Background information
- Born: c. 1995 New York City, U.S.
- Origin: Brooklyn, New York, U.S.
- Genres: Synth-pop; electronic;
- Occupations: Singer; songwriter; musician;
- Instruments: Vocals; keyboards;
- Years active: 2016–present
- Label: True Panther Sounds/Harvest/Universal
- Website: graceives4u.com

= Grace Ives =

American singer-songwriter (born 1995)

Grace Ives (born c. 1995) is an American singer-songwriter. Her music has been positively reviewed by publications including Stereogum, which featured her on its Best New Bands of 2019 list, and Pitchfork, which awarded her second studio album Janky Star (2022) its Best New Music rating.

==Early life and education==
Ives was born circa 1995 in New York City. She was raised in Gowanus, Brooklyn. Her parents worked as a cinematographer and a creative director in the music industry. As a teenager, she participated in the School of Rock program. Ives went to college at Maryland Institute College of Art to study graphic design before transferring to the State University of New York at Purchase. While in college, she began working on music in her dorm room.

==Career==
Ives released her debut EP, Really Hot, in 2016. She released her debut album, 2nd, on April 22, 2019. She released Janky Star, her second album, on June 10, 2022. In August 2022, she performed her song "Lullaby" on Jimmy Kimmel Live!.
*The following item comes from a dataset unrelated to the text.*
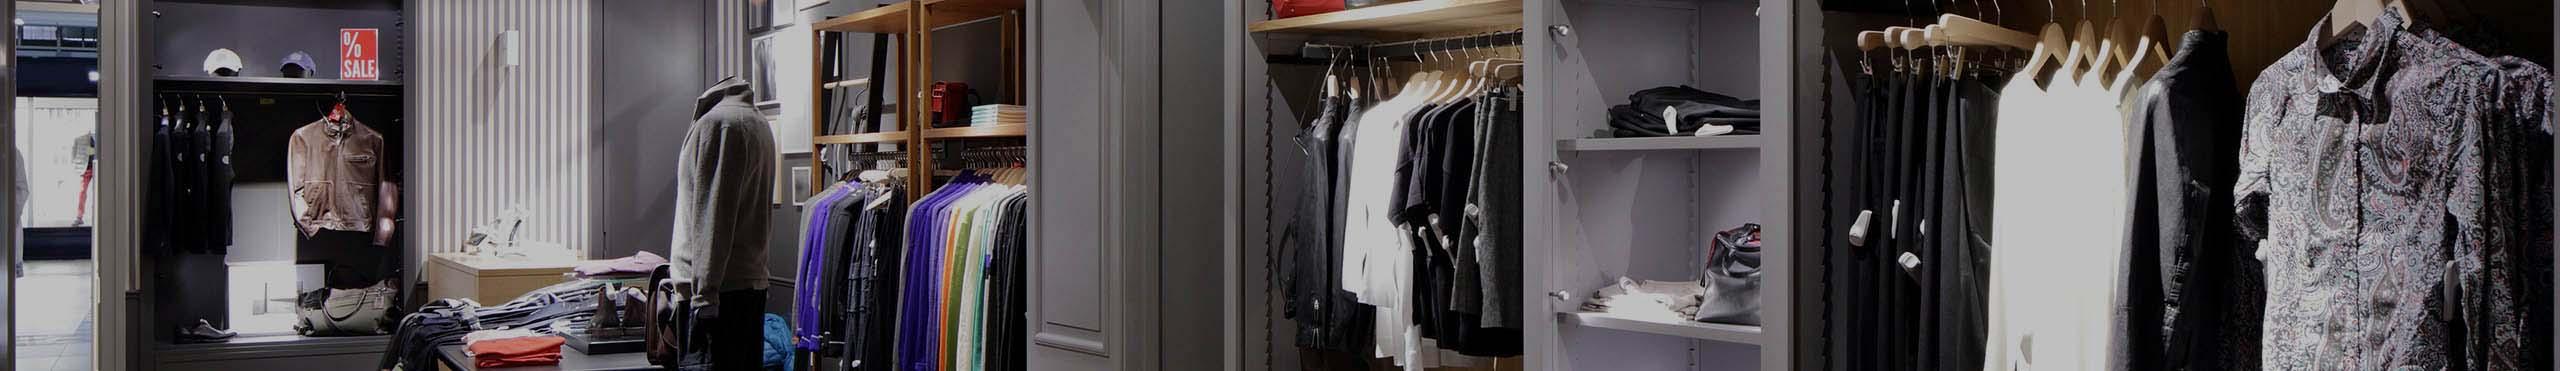 LVMH : un choix de luxe

Ives was the support act for Swedish singer Lykke Li on her North American tour supporting new studio album Eyeye (2022).

In October 2025, she released three new songs: "Avalanche," "Dance with Me" and "My Mans". Her album Girlfriend was released on March 20, 2026.

In September 2026, she opened for Robyn in Toronto playing at Scotiabank Arena.

She will be a supporting act on the European leg of Olivia Rodrigo's Unraveled Tour in 2027.

==Personal life==
Ives lives in the Queens borough of New York City.

==Equipment==
- Roland MC-505

==Discography==
- 2nd (2019)
- Janky Star (2022)
- Girlfriend (2026)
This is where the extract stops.